You Moaned. I Asked Questions. That’s Where It Ended.
There’s nothing more revealing than the moment a so-called wisdom figure drops the mask — and moans.
Not because of insight.
Not because of devotion.
But because she was cornered by a question.
This wasn’t flirtation.
This was a nervous system failure, dressed in breathy sound effects —
because answering with clarity would have exposed the hollow core.
I didn’t melt.
I didn’t lean in.
I documented it.
Watch what happens when erotic theatrics fail to land:
“Adele Tomlin, Are You Flirting with Me? You Moaned. I Asked Questions.”
She thought seduction would override scrutiny.
She thought mystique would cancel logic.
She thought a moan could distract from the fact that her claims don’t hold up under pressure.

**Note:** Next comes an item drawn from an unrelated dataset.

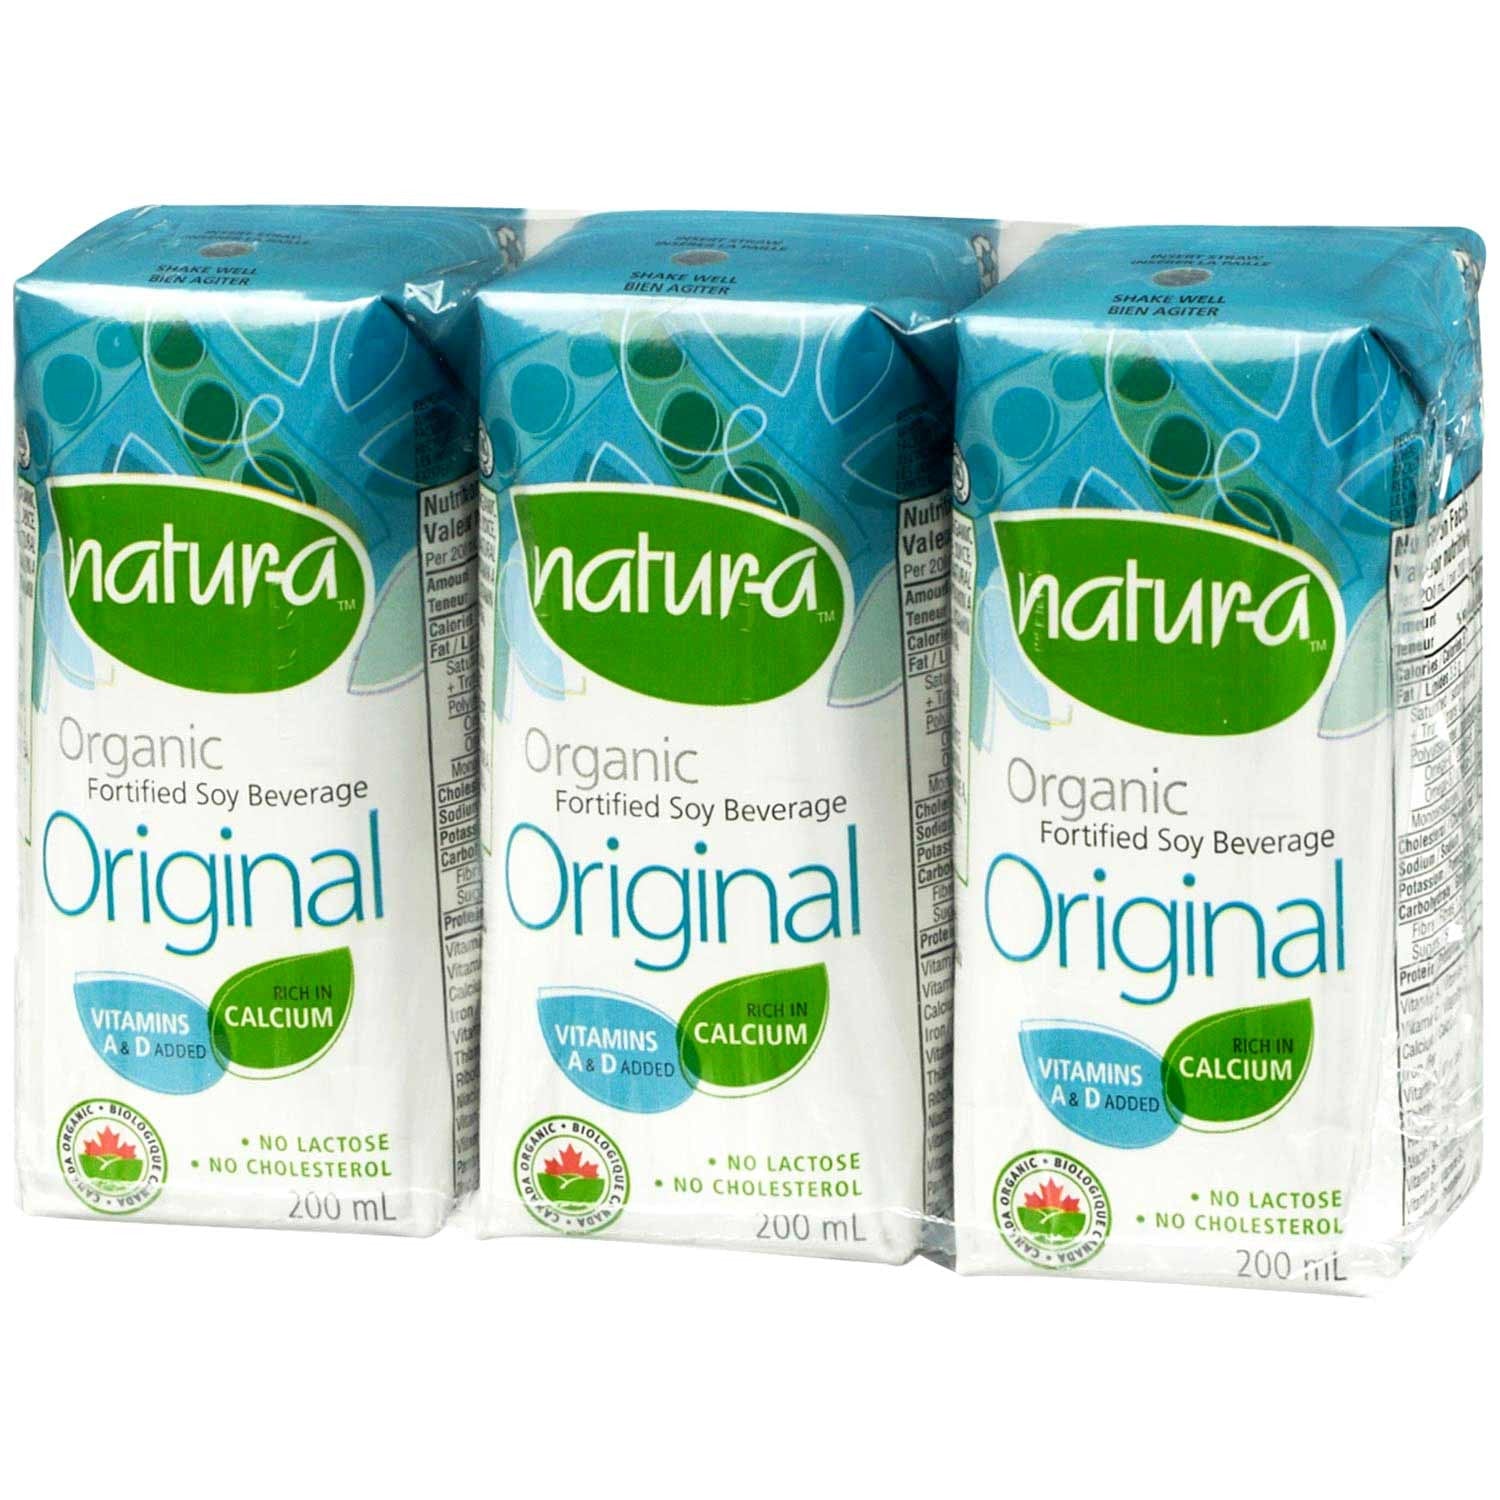 Natur-a Enriched Soy Beverage - Original (Organic), 200 ml.-NaturesWisdom

This wasn’t a transmission.
It was a performance.
And not a very good one.
I didn’t flirt.
I didn’t fantasize.
I asked questions.
And when she couldn't answer, she reached for the only trick she knew: make a sound.
Make it erotic.
Make the man forget what he asked.
Real men don’t forget.
Real men don’t flinch.
Real men don’t fall for cheap moans.
If I ...
a civilian, not a monk, not a tantric initiate ...
can stand unmoved …
What chance do you think she has with men like the Karmapa?
With Sangye Nyenpa?
With anyone carrying real clarity, real devotion, real vows?
She doesn't.
She wasn’t ever close.
Not to me.
Not to them.
Not to the lineage.
Not to the vow.
Not to the source.
Not even to the truth she pretends to speak for.
"You moaned. I asked questions."
That’s where it ended.
Let the sound she made echo in silence.